本発明は、PCR(ポリメラーゼ連鎖反応)法によってウイルスRNAを検出する方法において使用されるRNA検出用試薬、およびこれらの試薬を用いてPCR法によってRNAを検出するRNA検出方法に関する。
近年、感染性ウイルスのスクリーニングや、疾患患者のウイルス感染の有無を判断する場合にウイルス中のRNAを検出する方法として、RT−PCR(Reverse TranscriptionPCR)を含むPCR法(以下、単にPCR法と記載する)が広く用いられている。
PCR法によって試料中のウイルスのRNAを検出するには、フェノール・クロロホルム法などによって試料から抽出されたRNAを逆転写して相補的DNA(cDNA)を得、得られたcDNAをPCR法によって増幅させてその増幅産物を測定する事で、試料中にウイルスが含まれていたかどうかを検出するものである。
PCR法の中でも、リアルタイム(Real−time)PCR法では、RNAの増幅を蛍光色素存在下で行い蛍光増幅をリアルタイムで測定しながら増幅率を測定するために高感度の検出が行うことができる。
このようにリアルタイムPCR法は通常のPCR法に比べるとRNAを高感度で検出できるが、それでも、例えば感染初期の患者から試料を採取してRNAの検出を行った場合には、ウイルスの量が少ないため、RNAを検出できず、実際には感染していたとしても陰性と判断されることがある。
また、RNAはRNA分解酵素で分解されやすいため、少量の場合には特に検出が困難になる。
さらには、DNAを検出する場合と比べてRNAを逆転写する工程が増えるため試料のロスも生じやすい。
従って、感染の初期における病原性ウイルス等、少量のRNAウイルスのRNA検出についてはさらに高感度の検出方法が望まれている。
従来、RNAの検出感度を向上させるためには、試料中のMgイオン濃度を調整することなどが行われているが、十分ではなかった。
あるいは、微量のRNAを確実に沈殿させるために、RNAの抽出工程においてRNAの沈殿を促す共沈剤を添加することで、抽出効率を向上させることが特許文献1乃至7に記載されている。
しかしながら、前記のような共沈剤を用いるいずれの方法においても、核酸、特にウイルスRNAのRNA検出感度を十分に向上させうるものではない。
特開平7−238101号公報 特開平7−59572号公報 特開2001−17173号公報 特開2003−248号公報 特開2006−87394号公報 特許第4264133号公報 特許第3108105号公報
そこで、本発明は、PCR法によるRNA検出方法において、検出感度を向上させることのできるRNA検出用試薬、およびRNA検出方法を提供することを課題とする。

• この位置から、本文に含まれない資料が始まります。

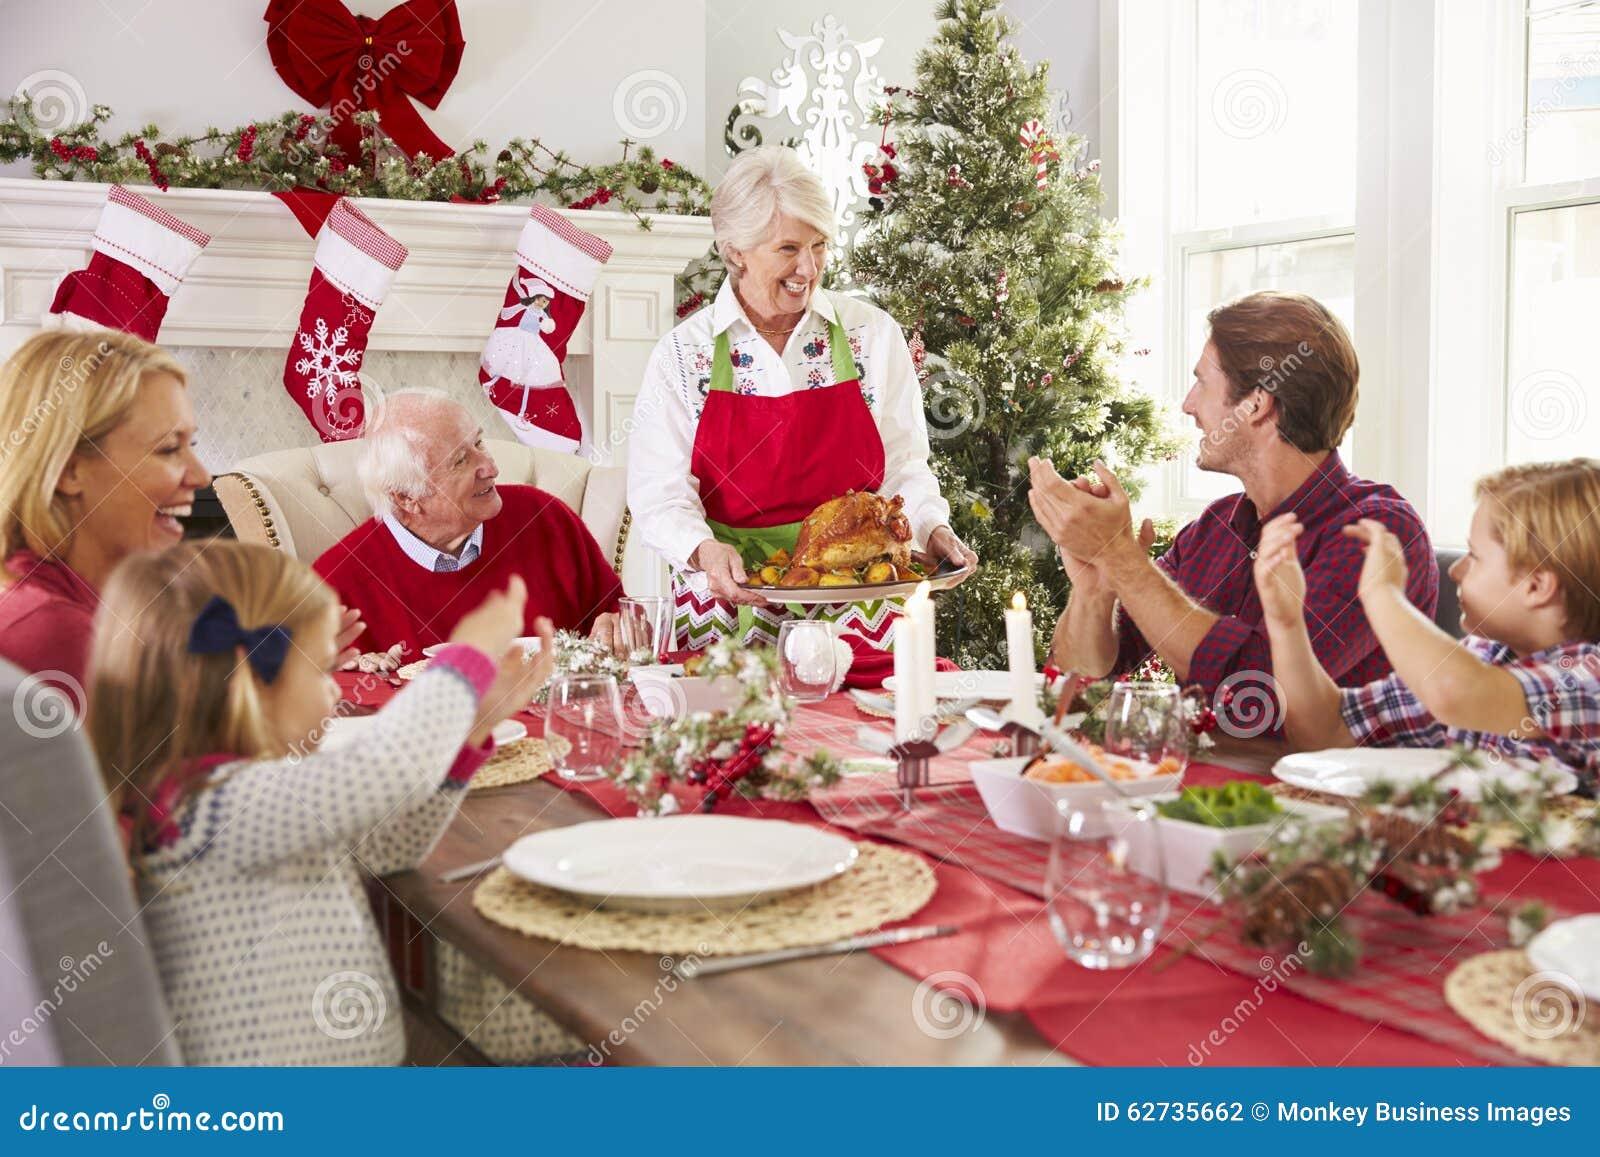 Grand m re mettant en vidence la turquie au repas de no l for Idee repas convivial en famille

本発明者らは、前記課題を解決するために、RNAウイルスを含む試料から前記RNAウイルスのRNAを抽出し、PCR法により前記抽出されたRNAを検出する際に、前記RNAウイルスのRNAを抽出するために前記試料に添加されるRNA検出用試薬であって、動物糞の水溶性抽出液を含むことを特徴とするRNA検出用試薬を提供する。
また、本発明にかかるRNA検出用試薬は、pHが5〜9であることが好ましい。
また、本発明者らは、前記課題を解決するために、RNAウイルスを含む試料からRNAウイルスのRNAを抽出する抽出工程と、前記抽出工程で抽出されたRNAをPCR法によって増幅するPCR反応工程とを実施するRNA検出方法において、前記抽出工程において、前記試料に請求項1または請求項2に記載のRNA検出用試薬を添加してからRNAの抽出を行うことを特徴とするRNA検出方法を提供する。
本発明に係るRNA検出用試薬を、ウイルスRNAを含む試料中に所定量添加して試料からRNAを抽出し、その後PCR法によりRNA検出を行うと、RNAの検出感度を向上させることができる。
従って、微量のウイルスが含まれる試料からもRNAを検出することができ、ウイルス検査等において微量のウイルスの有無を判定することができる。
また、本発明に係るRNA検出用試薬は、動物糞の抽出液を含むため、廃棄物である家畜糞等の動物糞を原料とすることができ、製造コストが安価である。
(ア)豚糞由来のRNA検出試薬の分画時間とウイルス量の関係、(イ)豚糞由来のRNA検出試薬の分子量とウイルス量の関係 (ア)鶏糞由来のRNA検出試薬の分画時間とウイルス量の関係、(イ)鶏糞由来のRNA検出試薬の分子量とウイルス量の関係
以下に、本実施形態のRNA検出用試薬およびこれらの試薬を用いたPCR法によるRNA検出方法について具体的に説明する。
本実施形態のRNA検出用試薬は、RNAウイルスを含む試料から前記RNAウイルスのRNAを抽出し、PCR法により前記抽出されたRNAを検出するために用いられるRNA検出用試薬であって、動物糞の抽出液を含むものである。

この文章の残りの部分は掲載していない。